Research tools for design margins

MARVIN

Research tools for analysing design margins in complex engineered systems

Three integrated modules — parametric margin valuation, top-down margin allocation, and probabilistic margin risk — built around the Margin Value Method.

Module 1 · MARVIN

Margin Value Analysis

A step-by-step walkthrough of building, analysing, and interpreting a Margin Analysis Network.

Tutorial in preparation The structure below is final, but screenshots and worked example figures will be added as the module's documentation is completed.

Before you start

This tutorial walks through a full MVM analysis on a small worked example: a belt conveyor design where pump pressure must satisfy a load-driven threshold. By the end you will have built a Margin Analysis Network, run an analysis, and interpreted the resulting Margin Value Plot.

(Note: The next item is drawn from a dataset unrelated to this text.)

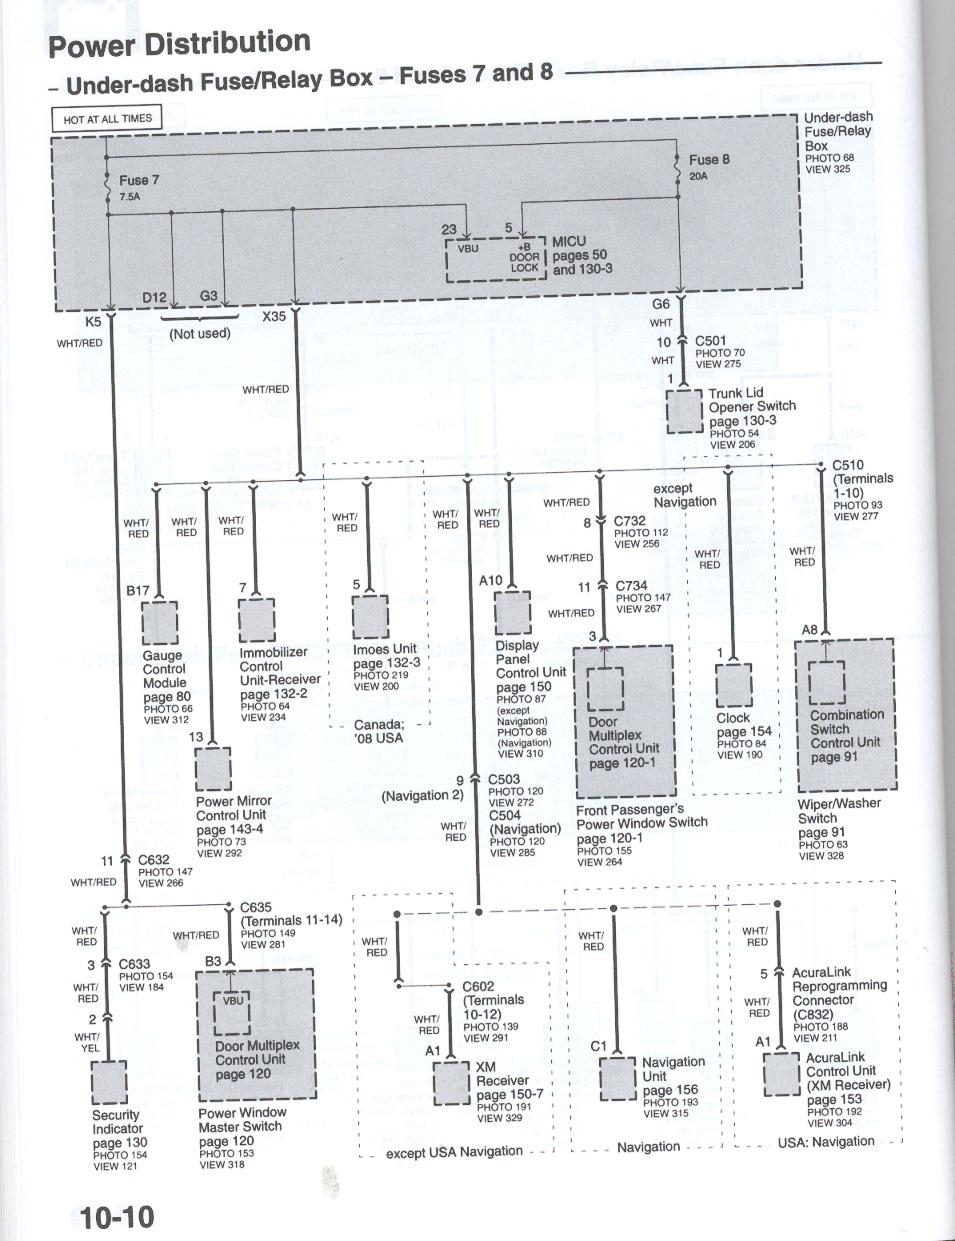 hight resolution of 1997 acura slx fuse box location wiring library 2004 acura mdx fuse box location 1997 acura slx fuse box location

You only need a modern web browser. The module runs entirely client-side; no installation is required.

Walkthrough

01

Define inputs and parameters

Drag input nodes onto the canvas for the parameters that may change during the design's life — mass, height, environmental conditions. Mark the performance parameters you ultimately care about (for example, design pressure or efficiency).

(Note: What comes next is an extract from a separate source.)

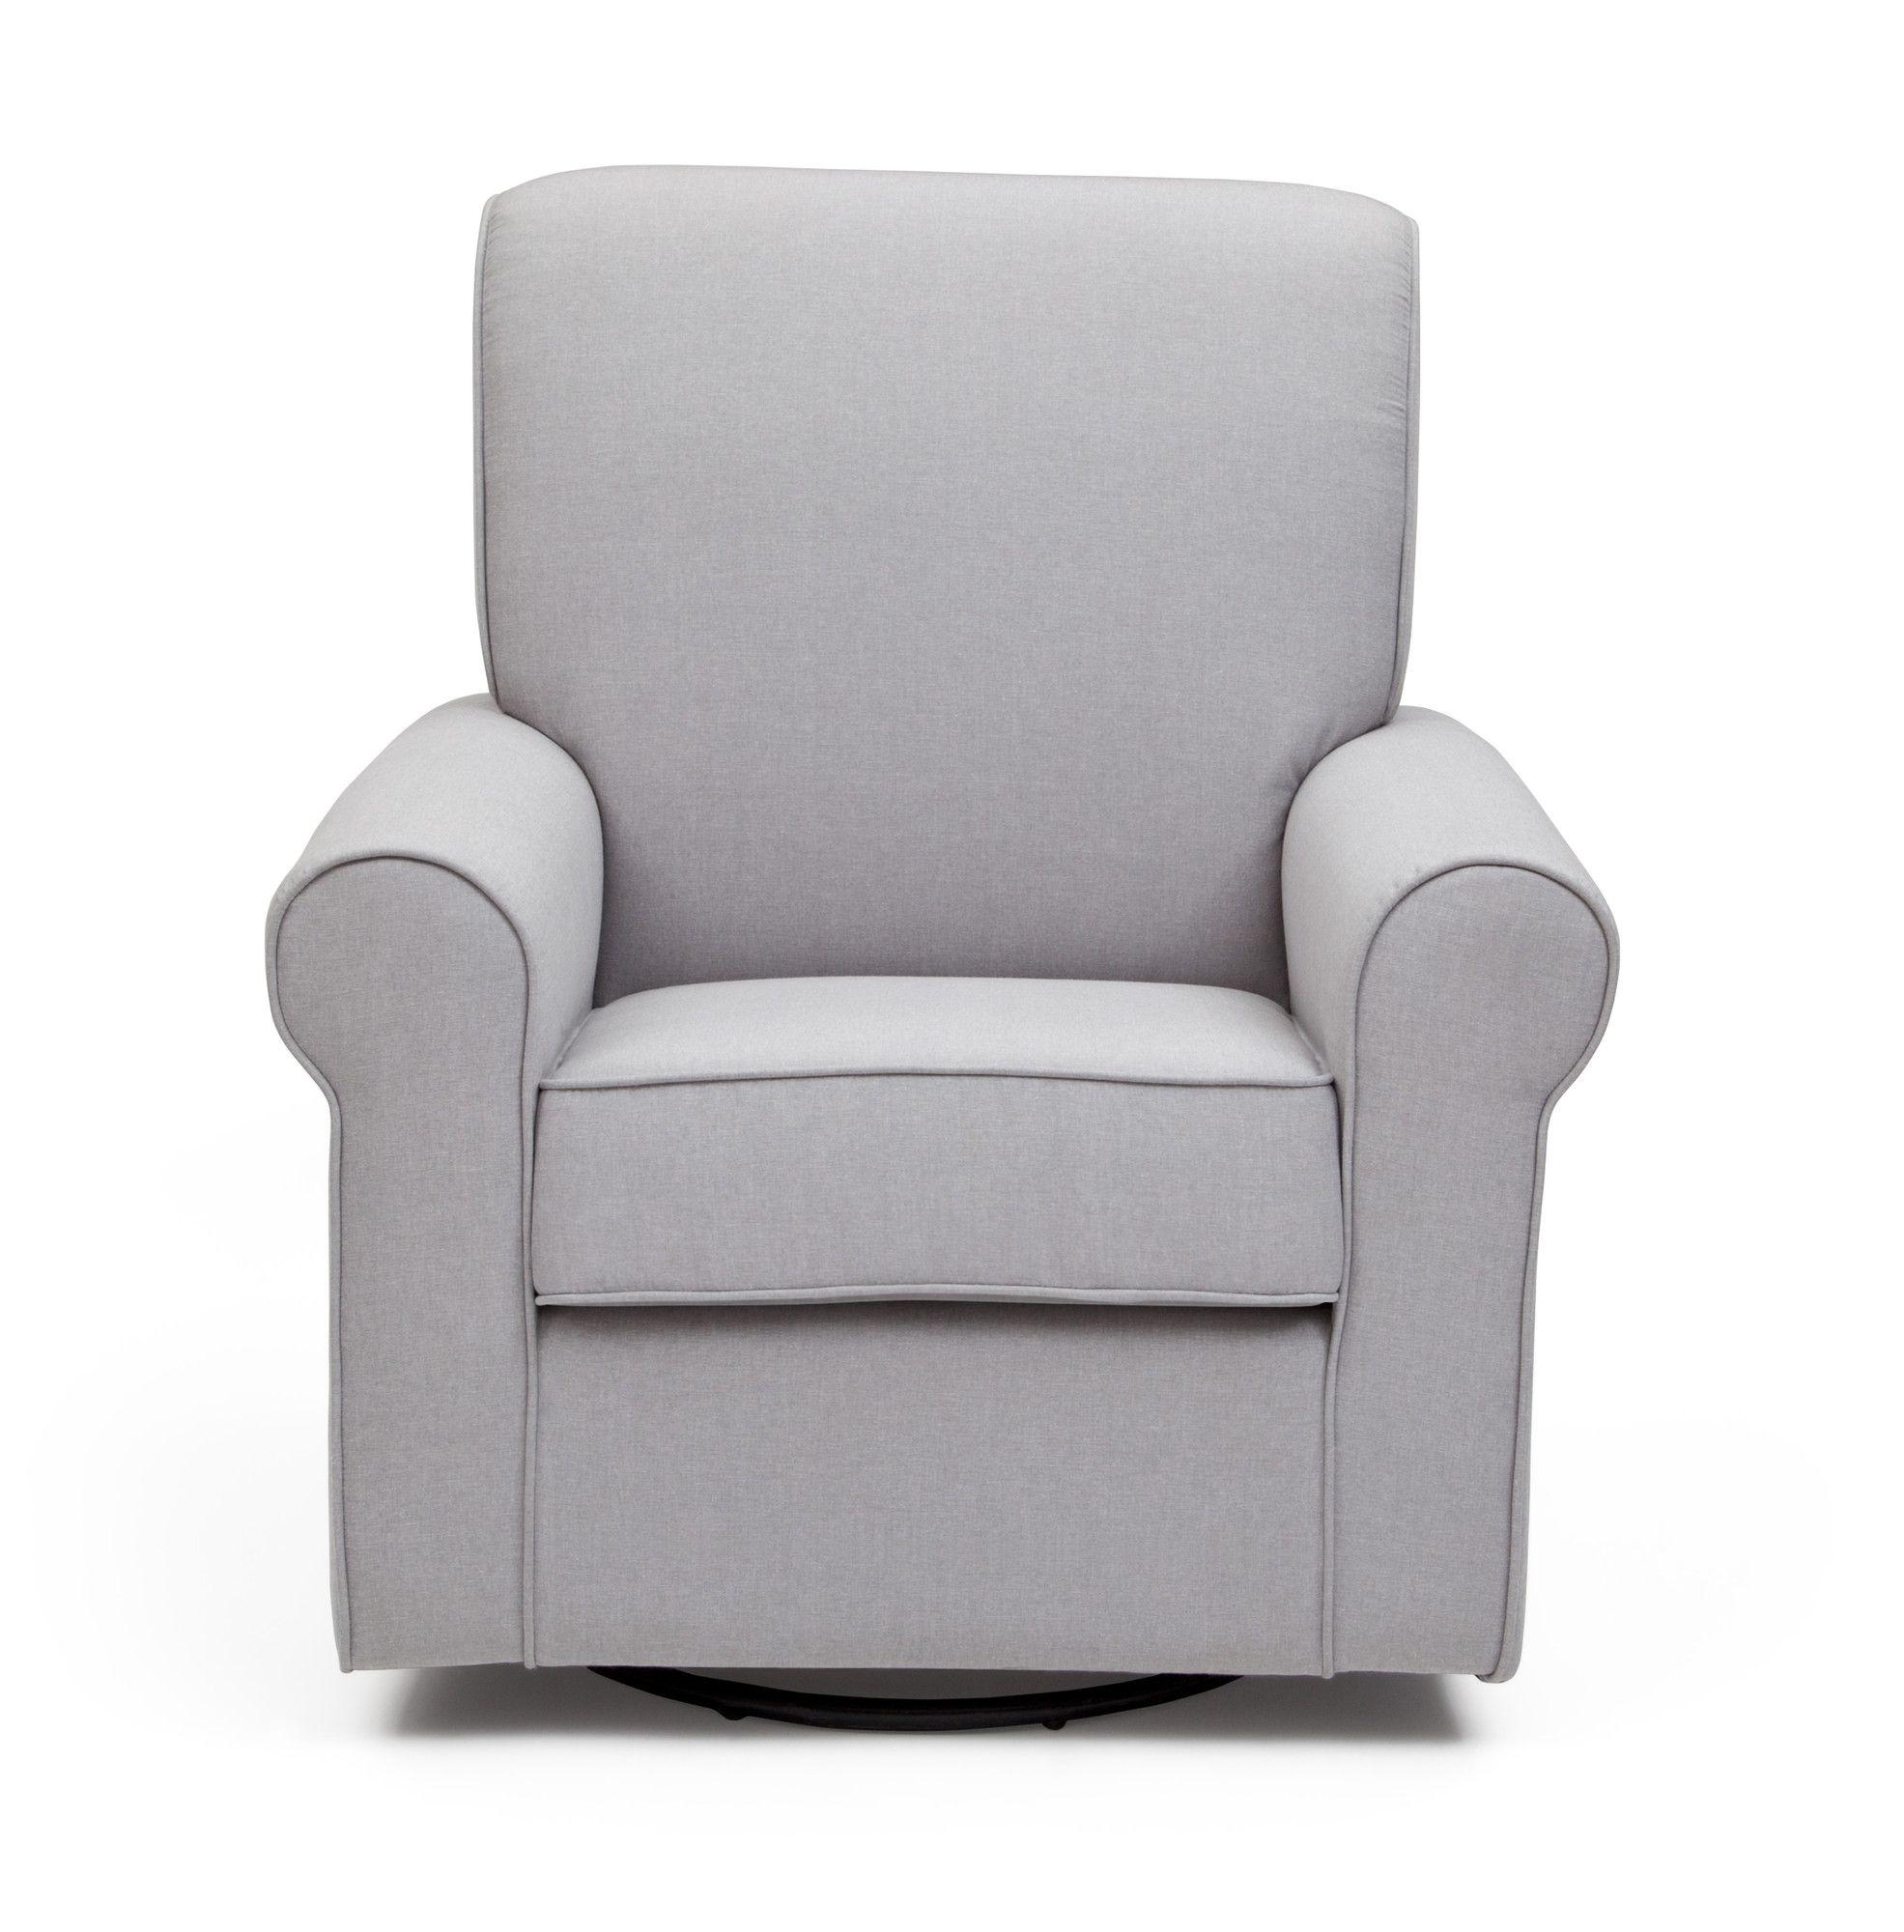 Upholstered rocking chairs avery glider  wayfair  baby dot  pinterest  gliders

Screenshot: input nodes on the canvas
02

Add calculation nodes

Wire deterministic calculations between inputs and downstream parameters. Each calculation node carries a formula, an optional lookup table, or a surrogate model. Greek letters and standard mathematical functions are supported.

Screenshot: calculation nodes wired up
03

Add decision nodes

Capture catalogue or discrete-choice decisions. A decision node automatically registers a margin between its decided value and the threshold required by the network — for example, the chosen pump's rated pressure versus the pressure required by the load.

Screenshot: decision node and auto-generated margin
04

Run the analysis

Open the analysis panel, optionally set weights on inputs and performance parameters, and run. The engine computes local excess, impact, and absorption for every margin in the network.

Screenshot: analysis panel and result table
05

Read the Margin Value Plot

Margins are placed on a bubble chart with impact on the X-axis, absorption on the Y-axis, and bubble size set by local excess. Use the four-quadrant interpretation in the Overview to decide which margins to keep, trade off, ignore, or reduce.

Screenshot: Margin Value Plot
06

Iterate the design

Change a parameter, swap a catalogue selection, or restructure the network and re-run. The Margin Value Plot updates so you can see whether your edit moves margins into more favourable quadrants.